There were two great schisms over less serious stuff than this. I know there is precedent for similar kinds of corruption in the Church. But would there have BEEN a Church anymore had these previous fits of corruption taken place in the age of mass media and a disarmed Vatican?
God help me, I think the only way some superpious types retain their faith with such (apparent) serenity is that they are, on some level, deeply warped.
We had a staff meeting at Pope FM yesterday about the dedication of our Chapel of the Eternal Word this coming Monday. It was like being hurled back to Jansenism 1955.
Listen, I get upset about liturgical abuses. I cringe when I see women going up for communion with their cleavage falling out of their tops. I was apoplectic when I saw a college kid in the communion line on Good Friday with a "Coed Naked Volleyball" T-shirt on. And I came close to doing physical violence to kids at a "youth Mass" who couldn't stop acting up even during the consecration.
But it damned near enraged me to hear our station manager and volunteer "spiritual activities director" imply strongly that while genuflection on one knee is the Vatican requirement, it really doesn't go far enough. Thus, we should feel free to genuflect on both knees or prostrate ourselves when entering the chapel.
And I was sooooooooo encouraged to hear that I would be allowed to enter into the presence of my Lord and Savior only when properly attired. My usual blue jeans, I understand, are OK so long as they are "in good repair." But staff members are not to wear shorts in the chapel, even walking shorts, as we are to set an example for proper reverence.
Walking shorts are OK for visitors.
Our spiritual activities director then said how it dismays her to see kids in shorts at Mass at the boarding-school chapel near her house. Egad!!! I'm sorry, but when it's 95 or 100 degrees here, I wear nice shorts to Mass.

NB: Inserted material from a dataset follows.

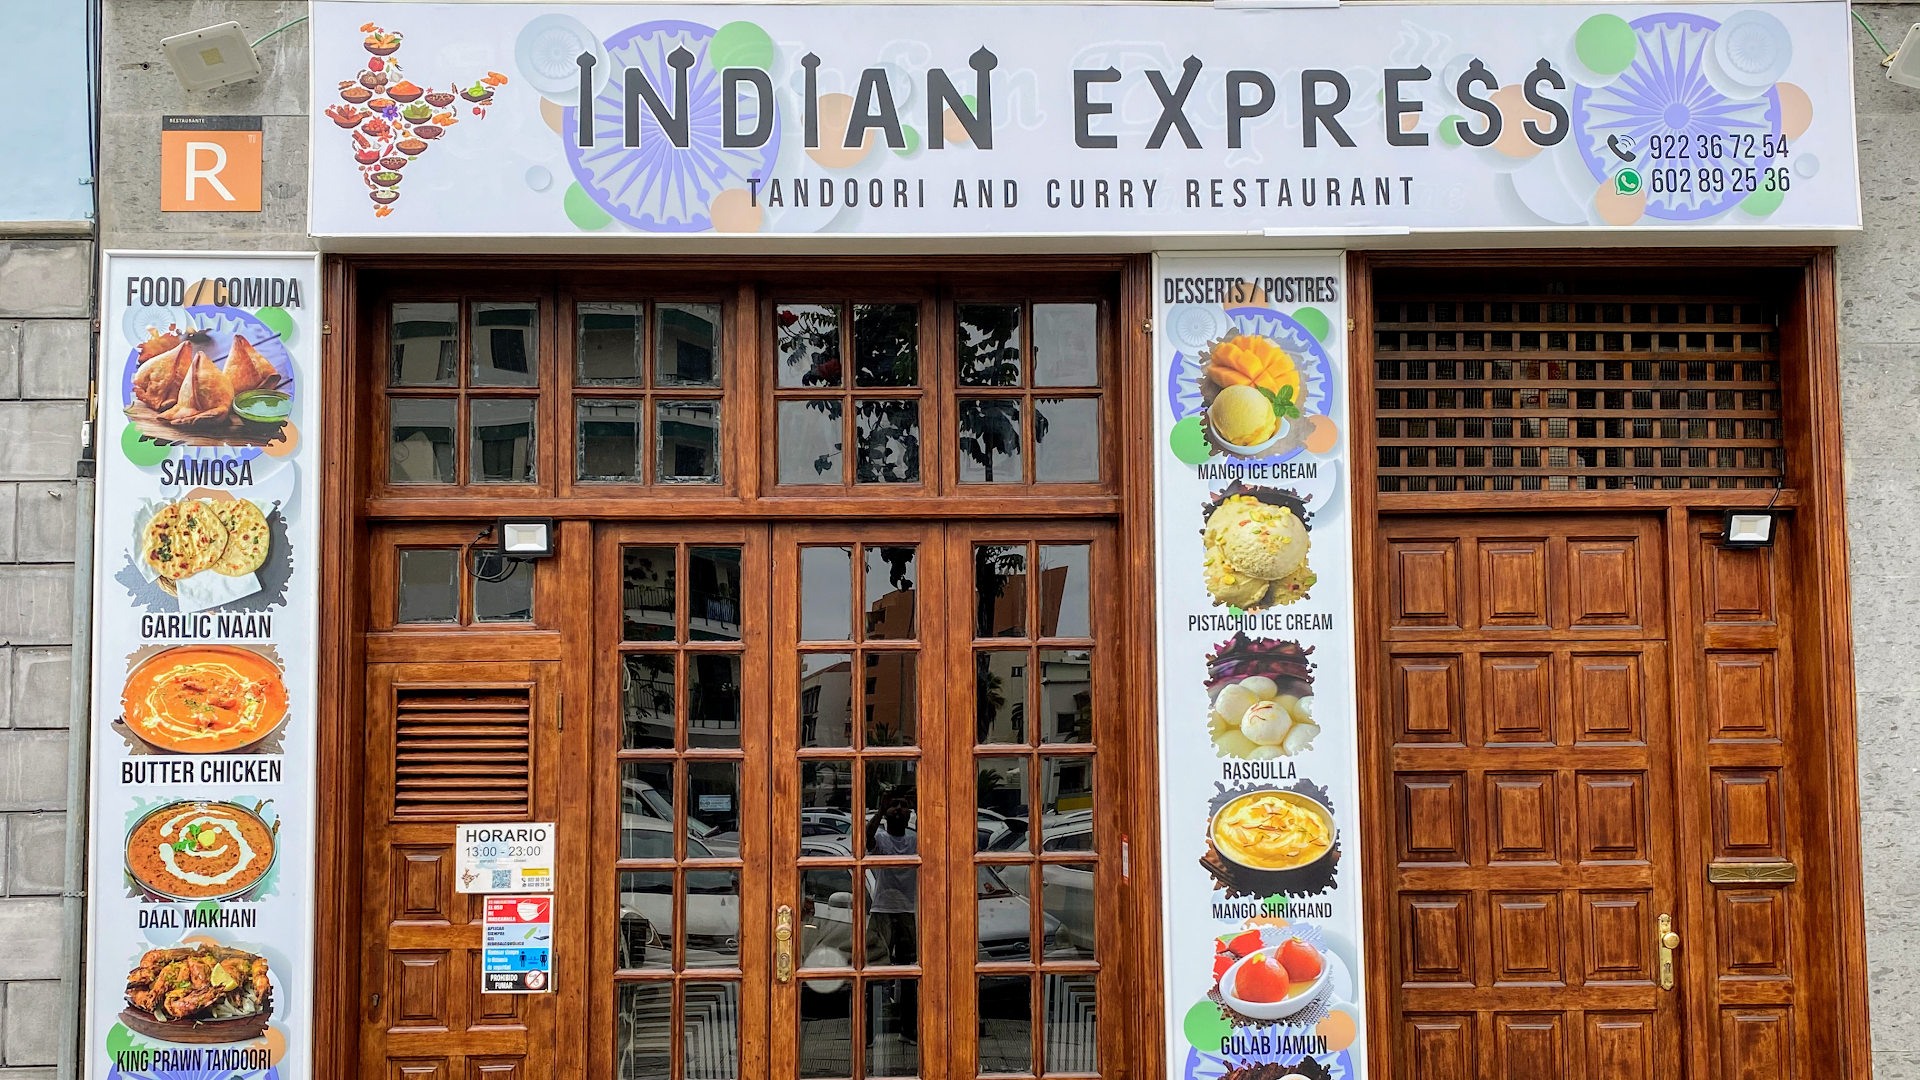 Impressionen Restaurante Indian Express Puerto de la Cruz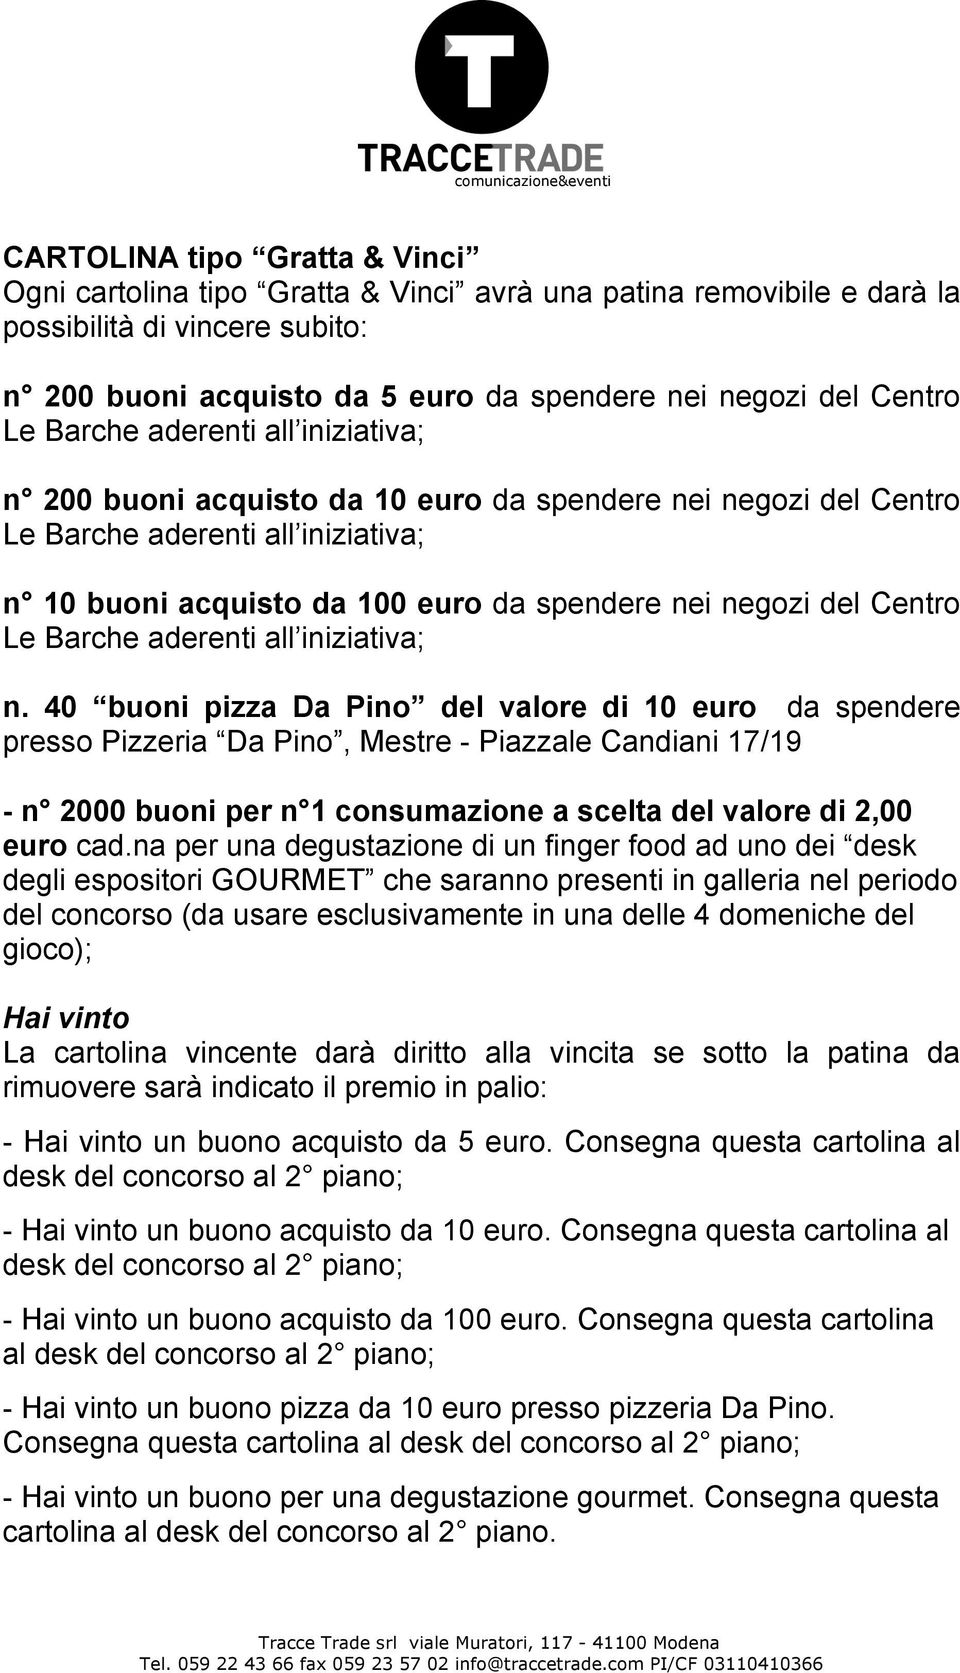 40 buoni pizza Da Pino del valore di 10 euro da spendere presso Pizzeria Da Pino, Mestre - Piazzale Candiani 17/19 - n 2000 buoni per n 1 consumazione a scelta del valore di 2,00 euro cad.

You know, I know people who work at that school, and I know the reputation of Father, and I know that any inappropriately dressed kid would be out of that church in a heartbeat.
But for me, the coup de grace, was when the powers that be decided that on Monday night, the kids in for Keys to the Kingdom will not be allowed into the chapel without adult supervision because they had not been instructed yet in proper chapel decorum. I objected in the strongest terms about denying them the opportunity to be in the Eucharistic presence, saying that if a kid went in there and -- out of ignorance -- wasn't sufficiently reverent, it couldn't be held against him. And if a kid were in there unsupervised and were willfully irreverent, that was a matter between him and God.
Furthermore, I said, suppose someone called into the show and had real problems. Should the kids not on the air be prevented from taking their prayers to the Real Presence?
"Jesus hears our prayers just as well wherever we are," said the spiritual activities maven. "They don't necessarily have to be in the chapel to pray."
I love it when people slow-pitch to Barry Bonds.
"Well," I said, "that would seem to beg the question of why exactly we have a chapel."
At that point, the boss decided that we needed to move on to other topics.
Of course.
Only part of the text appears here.